We are processing a number of arrays from the GPL13158 platform, aka Affymetrix HT HG-U133+ PM Array Plate, in a machine-learning/classification context, so we wish to use fRMA for normalization. However, this platform is different enough from ordinary HG-U133 arrays, that I'm not sure if the frma vectors would still apply, and if so, how one would apply them. (Specifically, the mismatch probes are removed, and some probesets have been reduced from 11 to 9 or 10 probes.) This platform also comes in plates of 16 or 24 arrays, which could affect how one defines "batches".
So my question is: Are there frma vectors available for this platform; or, can I obtain them easily by subsetting from a related platform; or, should I just generate my own vectors from the available GEO data and/or just my own data?
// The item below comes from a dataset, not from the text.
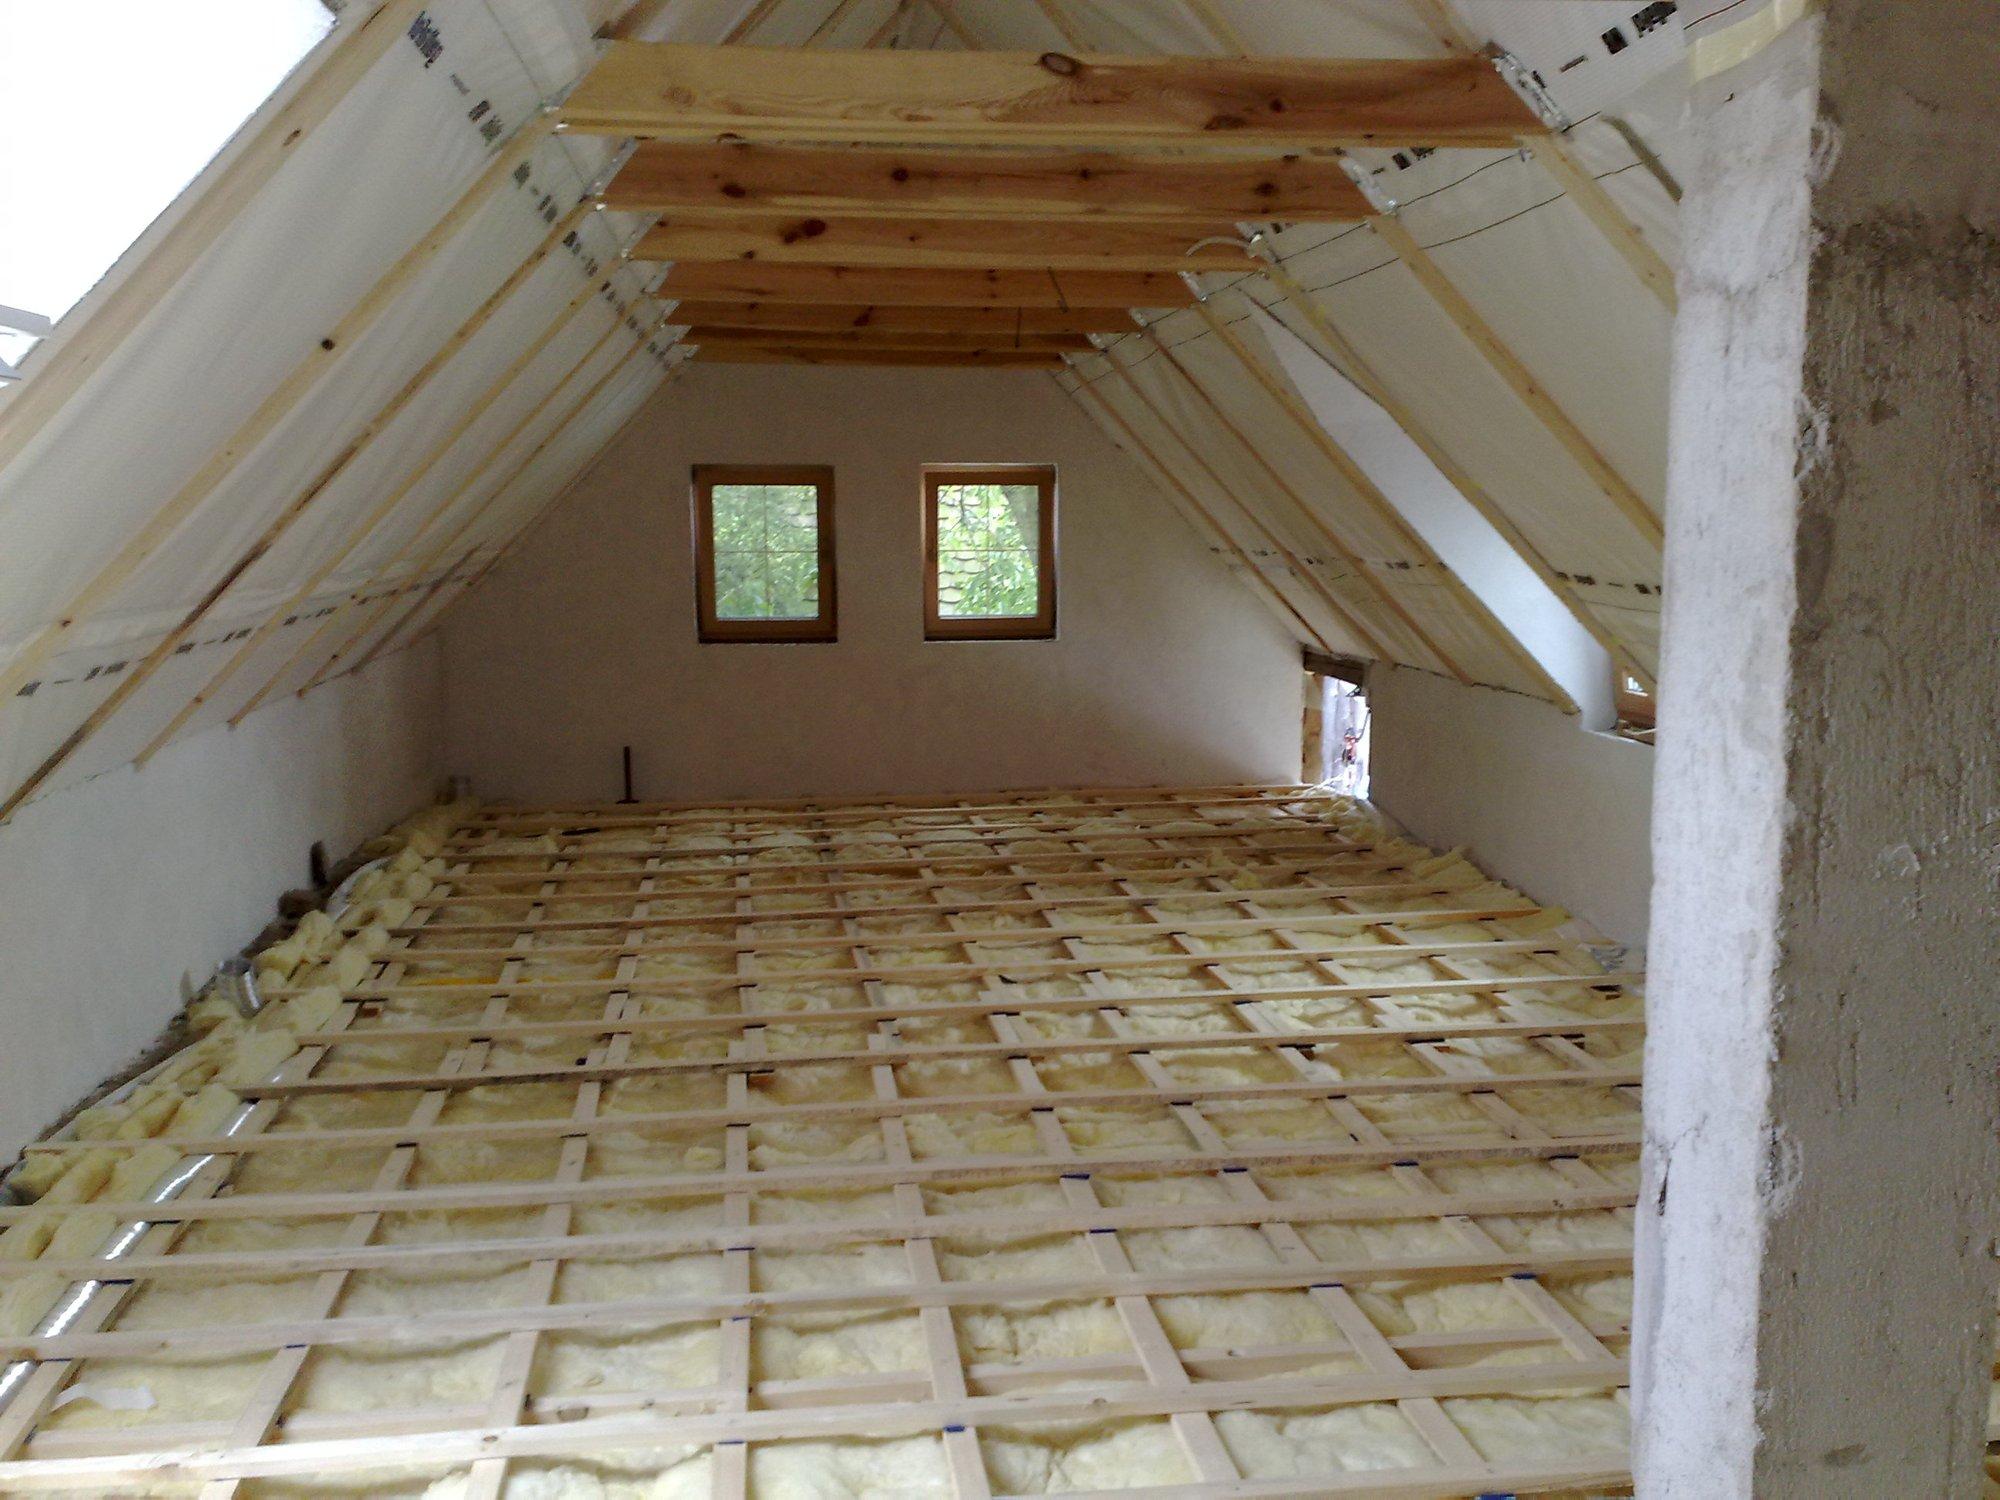 Odhlucneni dreveneho stropu

I mean no disrespect to the fRMA method, but an alternative would be to use the SCAN algorithm (http://www.bioconductor.org/packages/release/bioc/html/SCAN.UPC.html), which can be applied to these arrays on a single-sample basis without having to generate a vector.
I tried both SCAN and fRMA on a similar dataset on a platform for which fRMA vectors were available. In that particular dataset, fRMA seemed to work better. I'll certainly try both of them out on this dataset as well, if I can.
Did you use the barcodes or the SCAN/fRMA corrected estimates for your classifications? Just curious.
It seems like SCAN.UPC is ultimately a bit more flexible than the current incarnation of fRMA for completely reannotated arrays (unpublished observations of my own, which with any luck will eventually make it out there) so if there are HUGE differences I'm interested. If the differences are minor, in my applications, the biological noise appears to dwarf them.
Anyways, in your specific case, I wonder if http://www.bioconductor.org/packages/release/data/annotation/html/hthgu133afrmavecs.html would help, since
1) RMA ignores MM probes last time I checked, and
2) if there are no new probe sequences, the platform should (!) be a strict subset of the HT-HGU133A design
Have you taken a peek at that, and perhaps subsetting the included vectors for your chips?
Hope this helps.
I haven't messed around with the barcoding using either SCAN or fRMA. That's another item on my list of things to try. I was just using the corrected estimates from both.
I believe that this platform is in fact a strict subset of standard HG-U133 arrays, and I was thinking of maybe subsetting the vectors from another platform. But I'll have to figure out the internal structure of that package first. And I worry that the probes have maybe been moved around on the new design, or the difference between single arrays and plates of 16 or 24 arrays might affect things somehow.